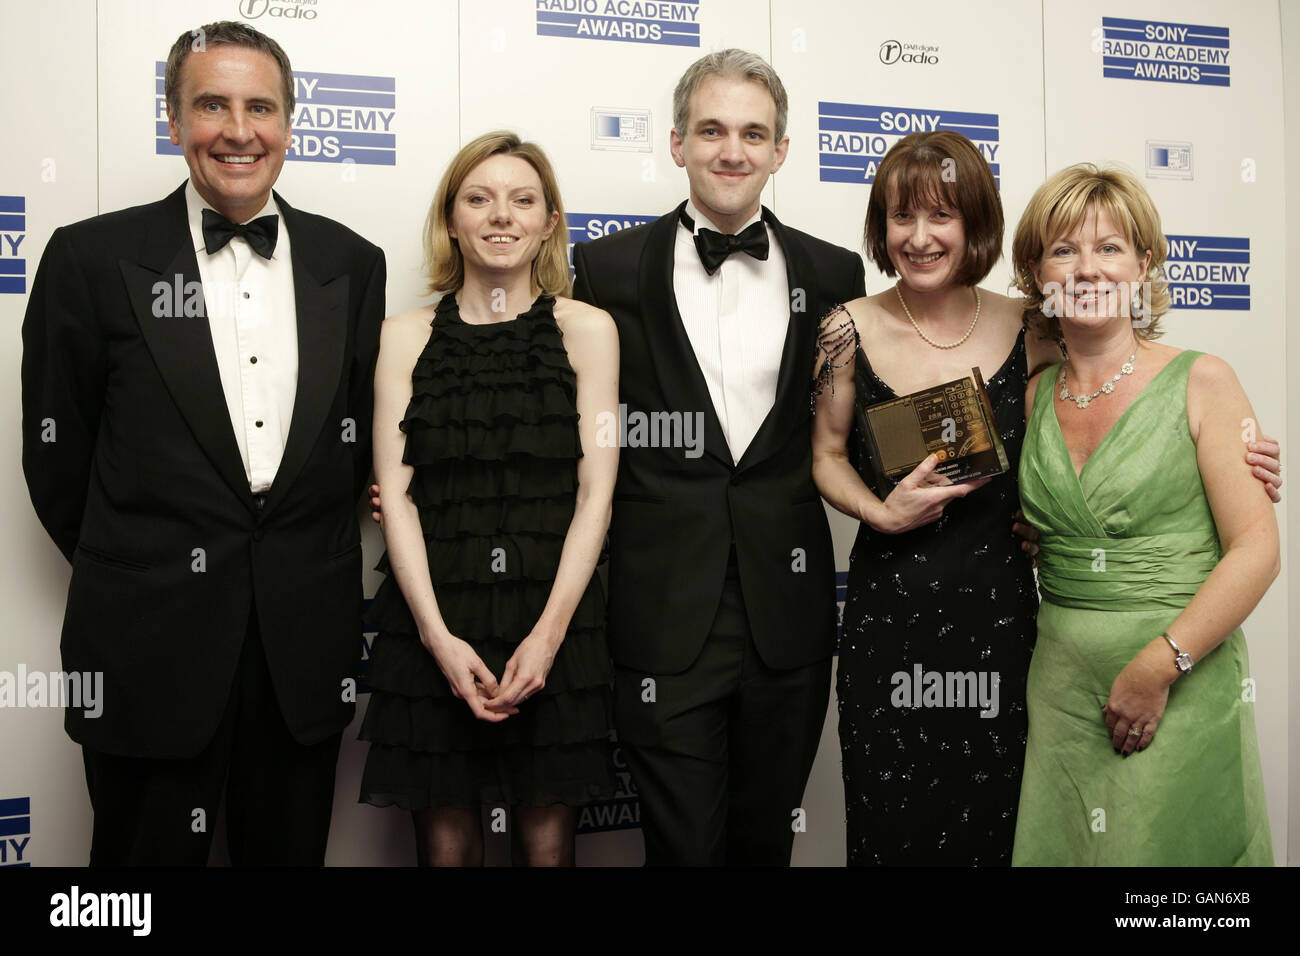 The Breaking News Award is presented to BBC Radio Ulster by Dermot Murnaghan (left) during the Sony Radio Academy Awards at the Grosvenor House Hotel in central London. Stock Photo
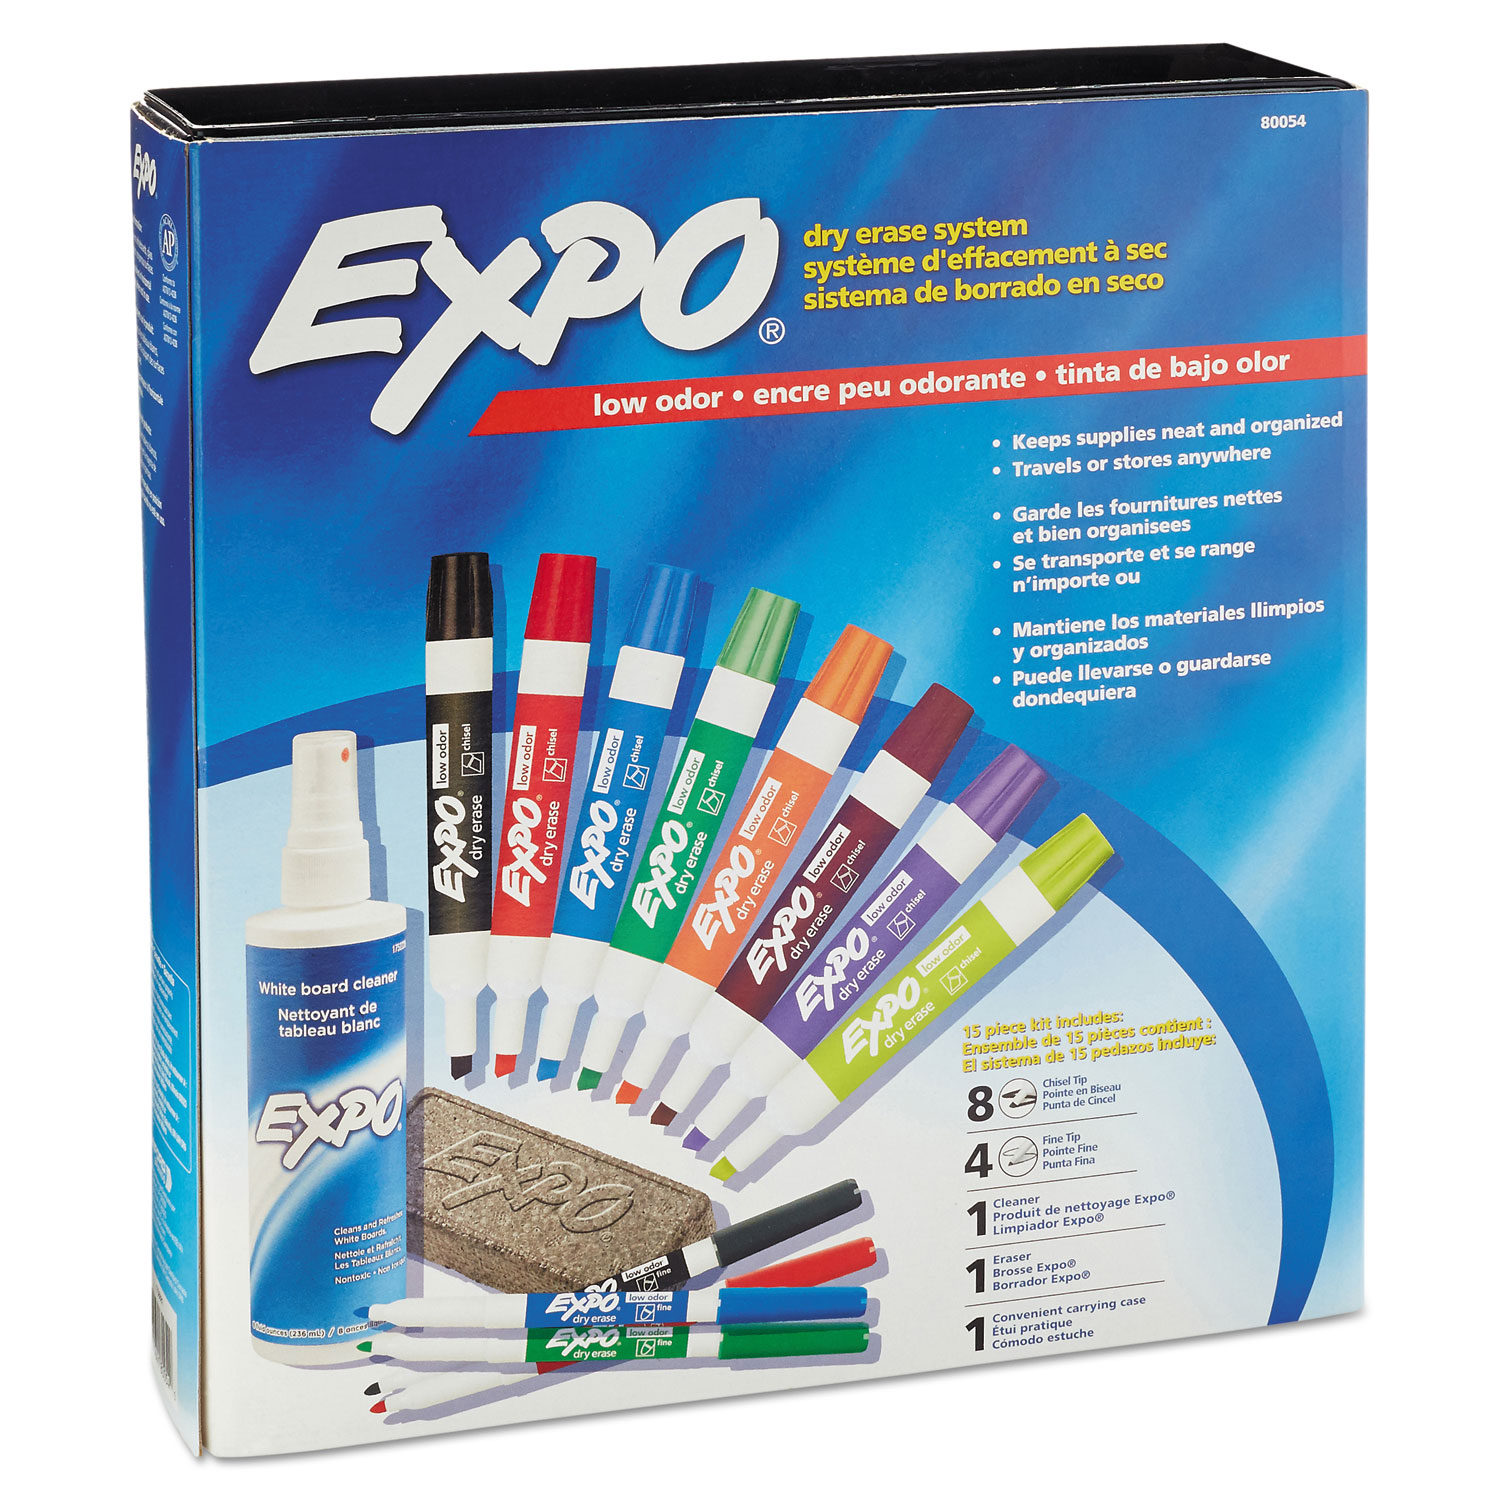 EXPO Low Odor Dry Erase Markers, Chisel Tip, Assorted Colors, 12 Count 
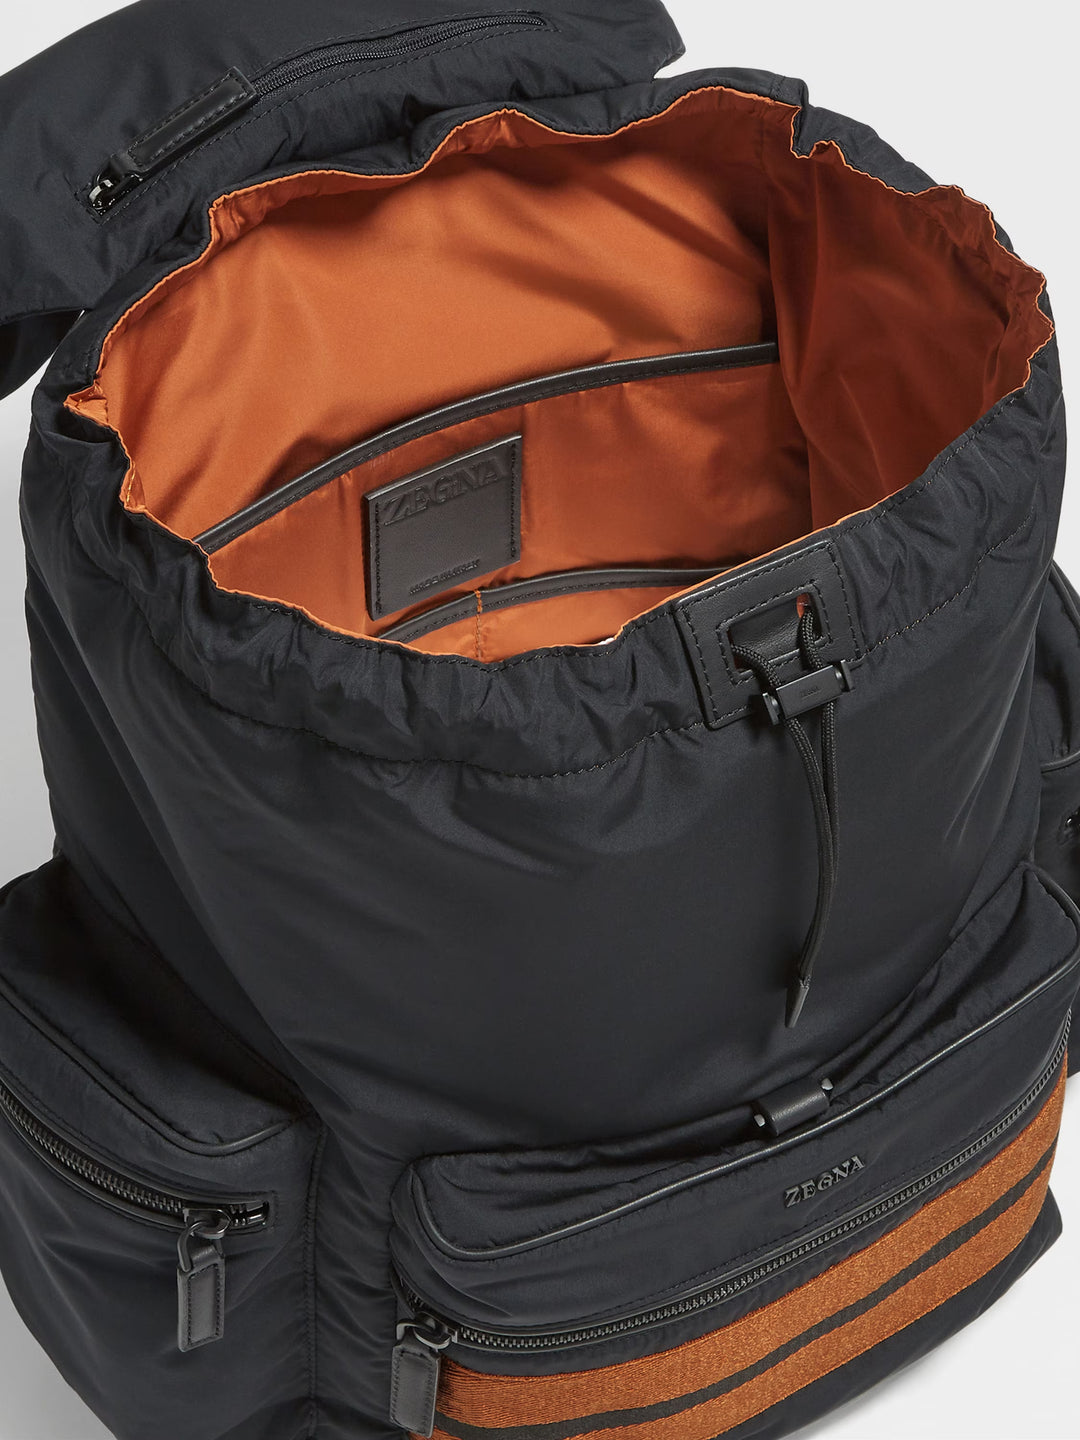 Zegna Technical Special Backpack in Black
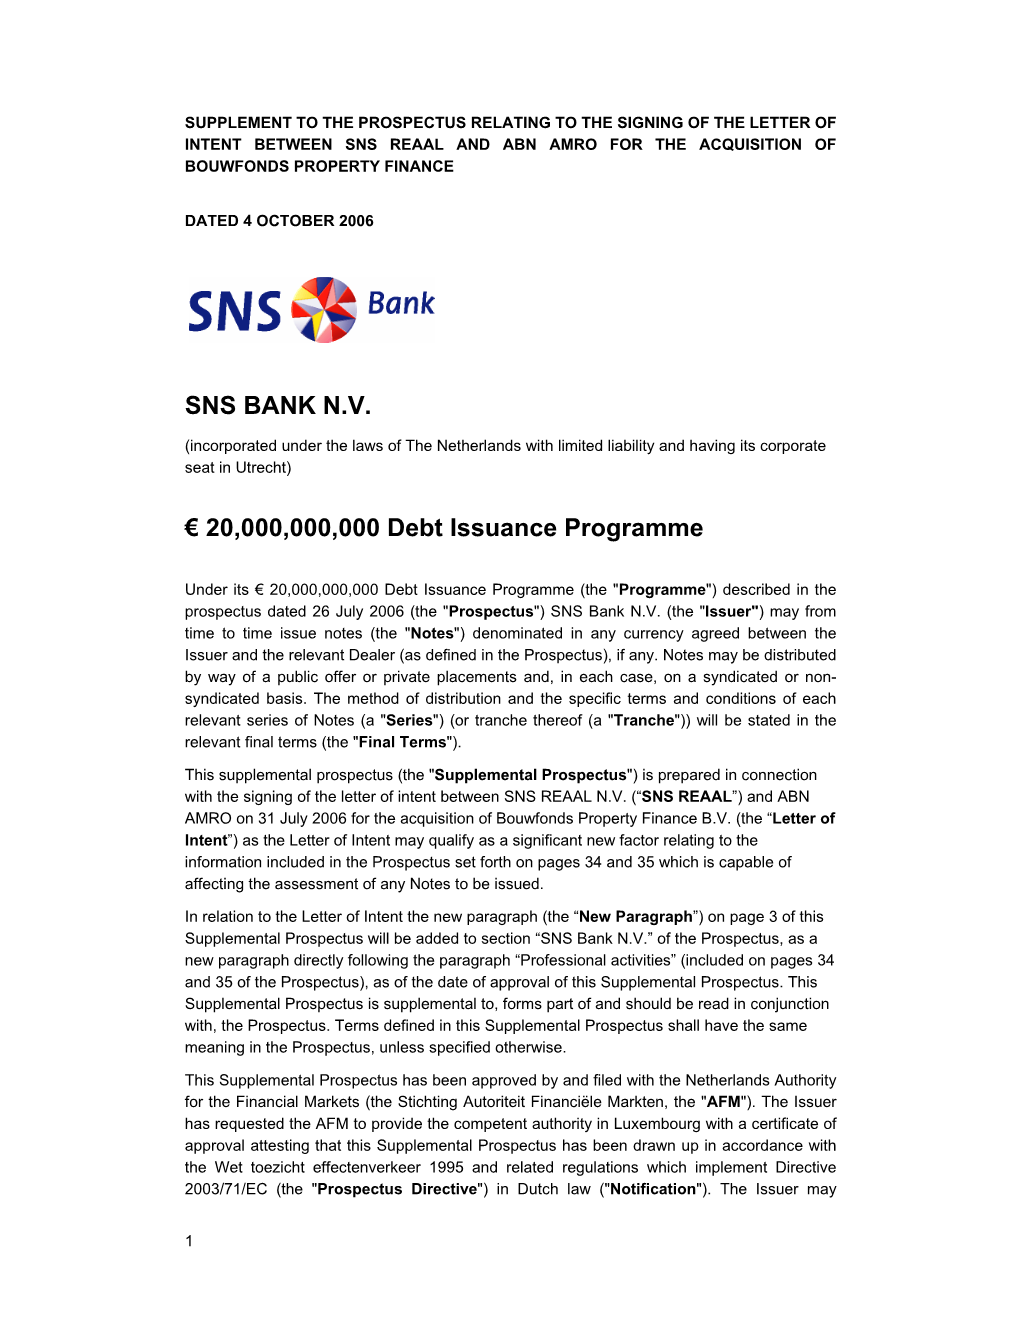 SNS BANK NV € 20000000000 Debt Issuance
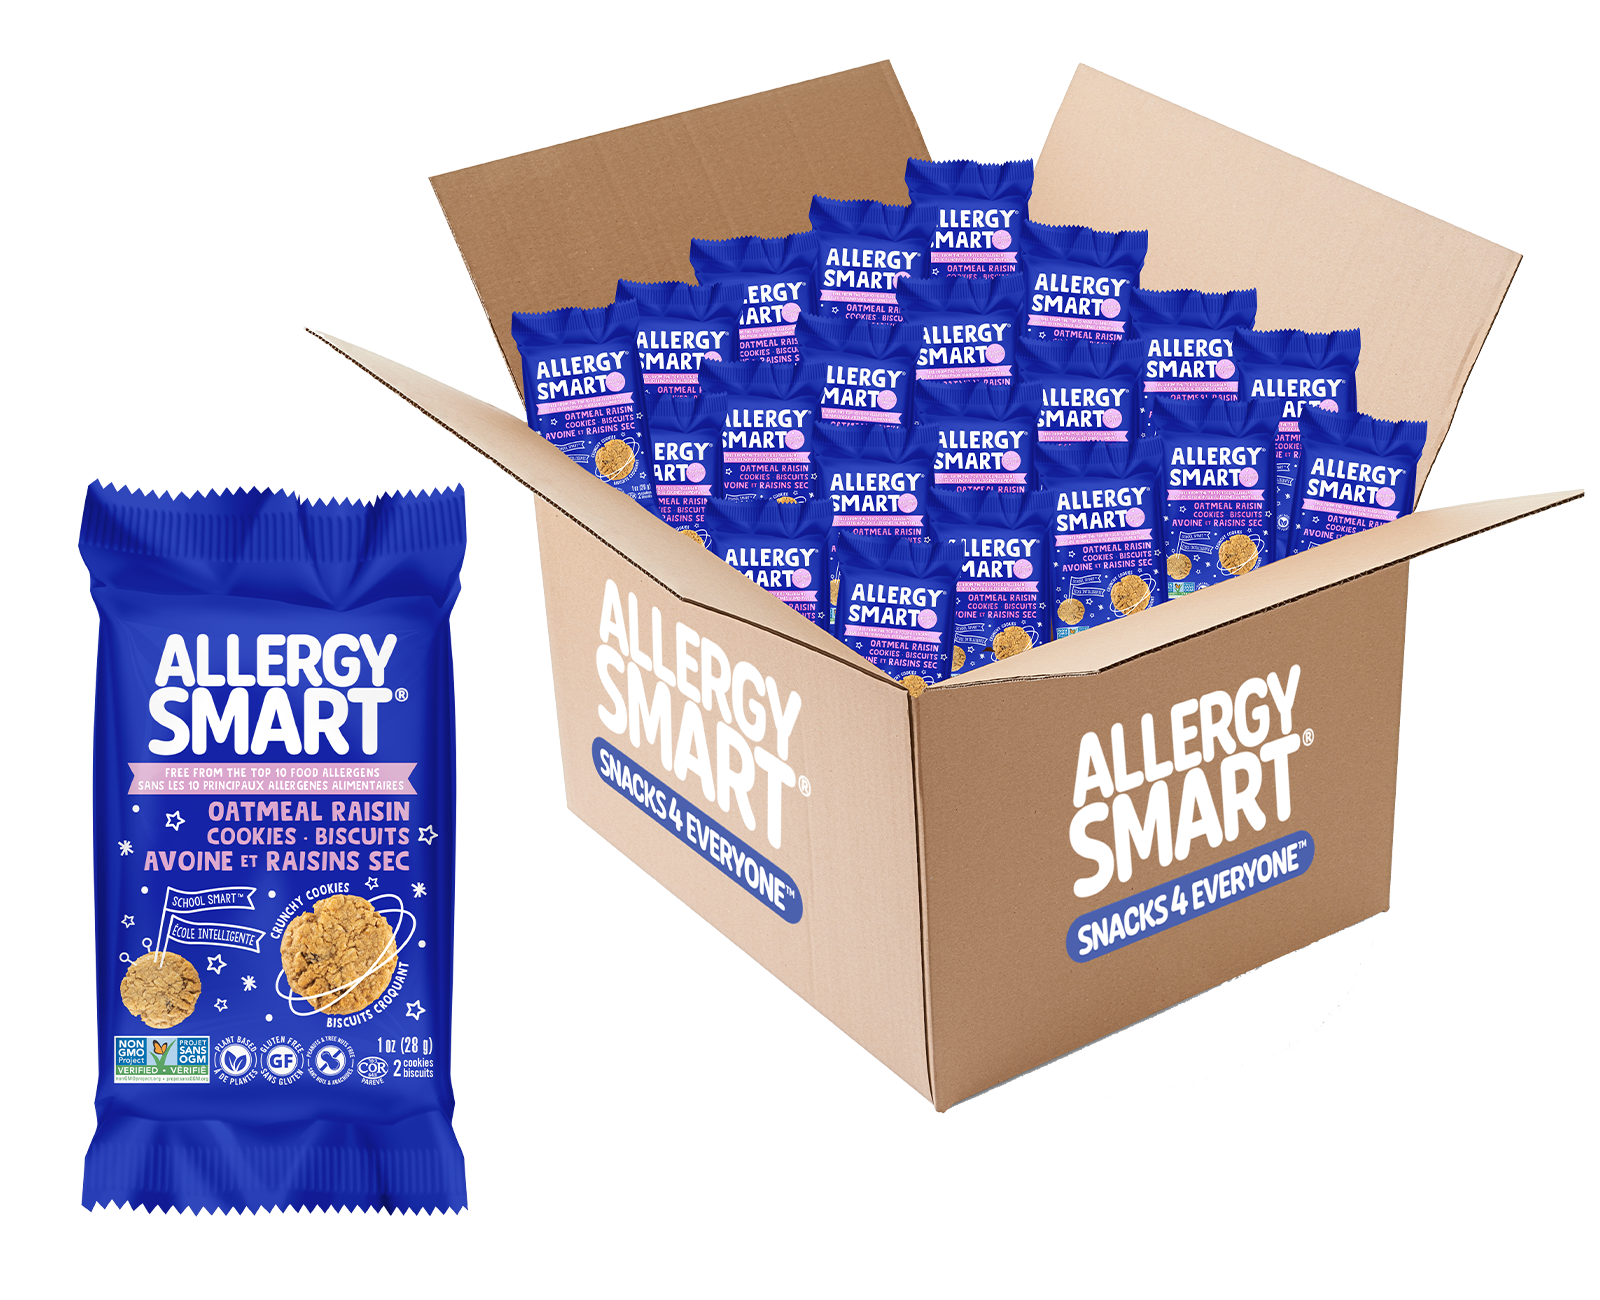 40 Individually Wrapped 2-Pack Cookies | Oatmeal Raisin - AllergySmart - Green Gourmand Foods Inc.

Task: For this exercise, retype the listing above word for word and omit the pictures.

Solution below:
 The Breaking News Award is presented to BBC Radio Ulster by Dermot Murnaghan (left) during the Sony Radio Academy Awards at the Grosvenor House Hotel in central London. Stock Photo
 EXPO Low Odor Dry Erase Markers, Chisel Tip, Assorted Colors, 12 Count 
 Zegna Technical Special Backpack in Black
 SNS BANK NV € 20000000000 Debt Issuance
 40 Individually Wrapped 2-Pack Cookies | Oatmeal Raisin - AllergySmart - Green Gourmand Foods Inc.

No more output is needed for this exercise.